The Sound of their Own Voices

Watching Network (1976) and His Girl Friday (1940) in immediate succession as part of our Film Studies unit on screenplays (specifically, dialogue-driven screenplays) brought out some interesting parallels and contrasts. Both concern the control of information and its use in seduction. The seductions themselves, however, differ

Network's seduction is partly that of good old Max Schumacher, William Holden's mostly straight-arrow point-of-view character that today nobody cares about. William Holden has faded as a screen personality, despite his anchoring important films such as Sunset Boulevard and Bridge on the River Kwai. That's the problem--he anchors them, but doesn't drive them. That's up to crazy nuts like Norma Desmond, Colonel Nicholson and in Network, Howard Beale and Arthur Jensen. Yes, there's a crazy woman and she has mixed her obsession with words and numbers with her failure of a sex life, but that seems to be there to be dismissed. The ultimate seduction is of Howard Beale by Arthur Jensen, a liebestod that precipitates Beale's death. And director Sidney Lumet has said that the film itself becomes corrupted, from a straight-forward recorder of events at the outset to a stylish glamorizer at the end.

Nobody cares what the news is in Network. They're just interested in what it does for them; therein, the common bond with His Girl Friday, where the battle for eyeballs is just an instrument in Walter Burns's endless seduction. This was always true in HGF's source material, The Front Page, in which Hildy was a man. But the seduction was clearer and more palatable when it was made into a conventional romance. And here also, the romance of words is probably a liebestod. At the end of the film it seems clear that Hildy will not have an actual life, but race from scoop to scoop in the effort to hold onto her man--and her eyes glitter at the prospect.

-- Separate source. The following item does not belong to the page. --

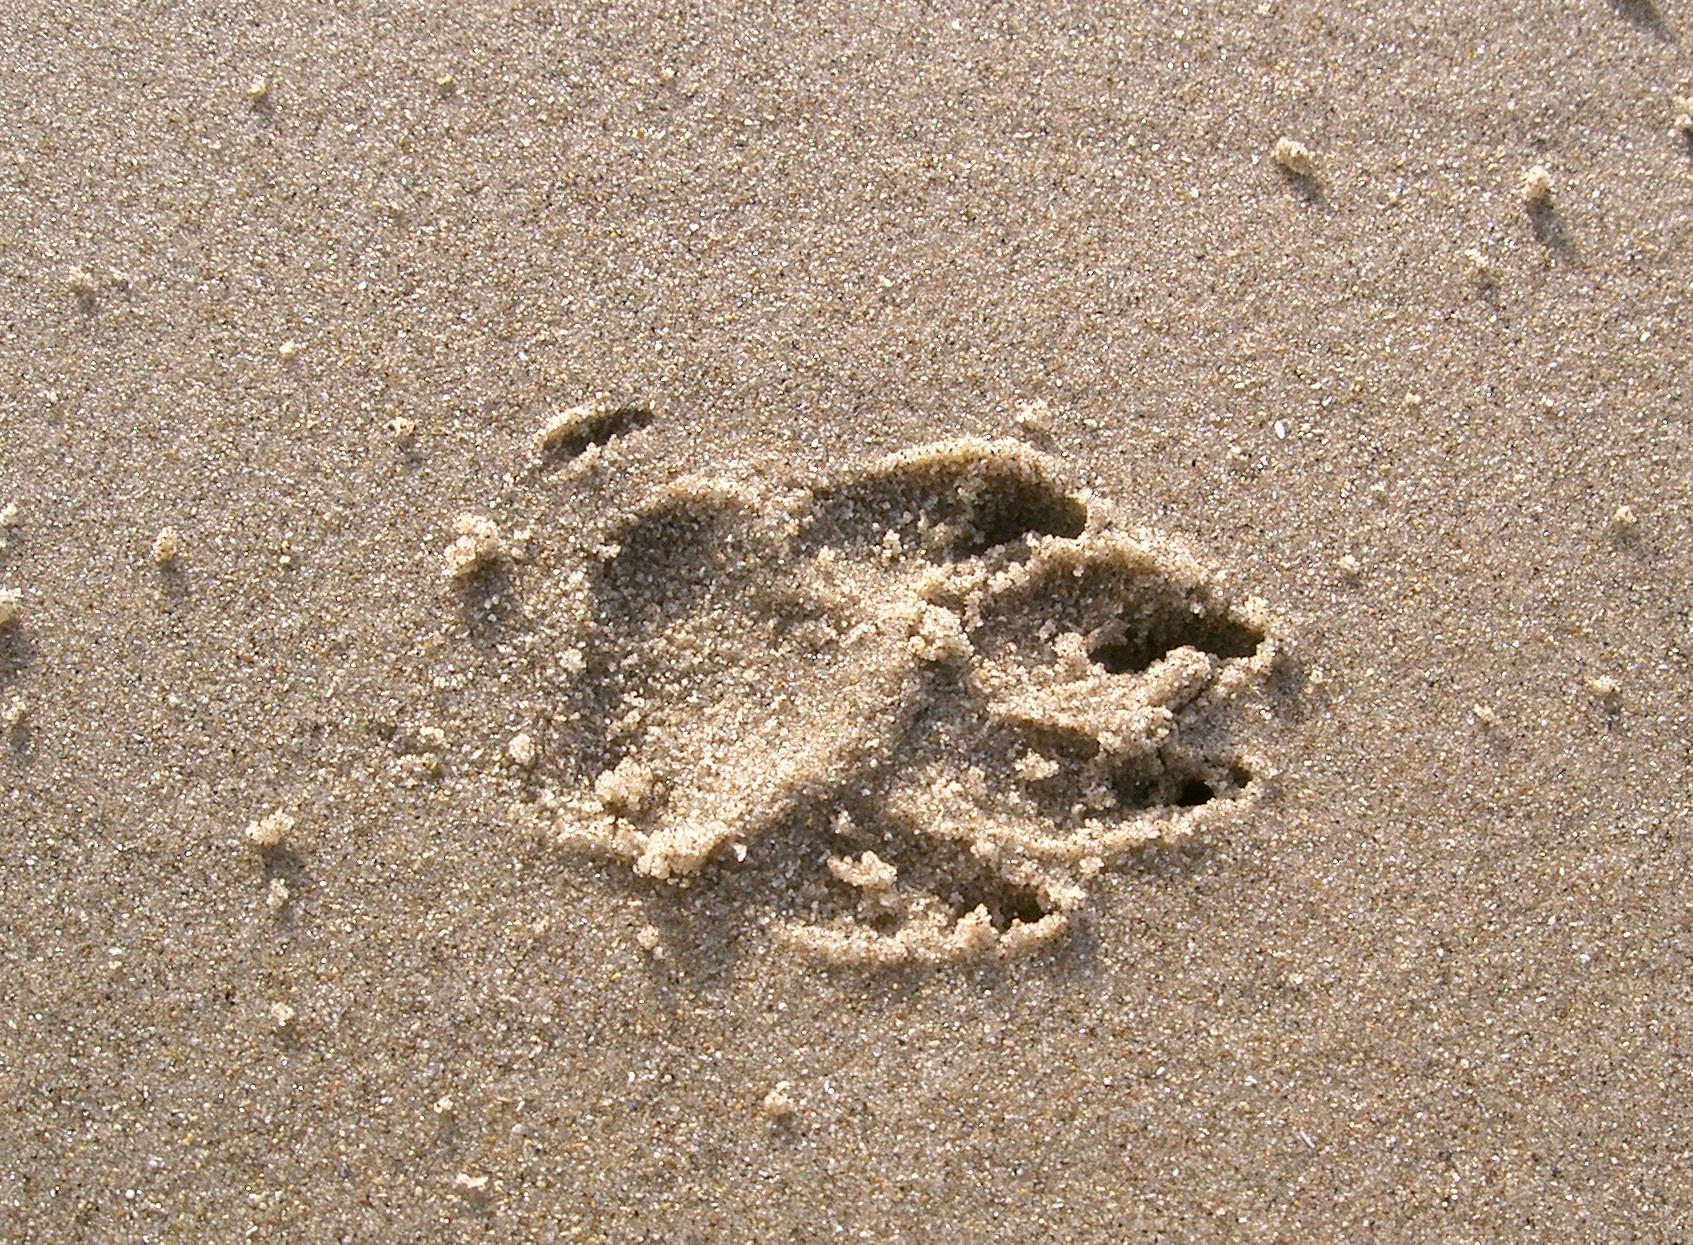 footprint 02: dog in sand

Neither film has a music score--where would you put it? Although, I must admit that Network's super-pompous TV theme music (by Elliot Lawrence, a veteran arranger/conductor of big bands, Broadway pits and TV award shows) always makes me laugh aloud--it is so dead-on, not an ounce of exaggeration or mockery. But that is a grace note. Both films are finally about people who will, if allowed, talk themselves to death.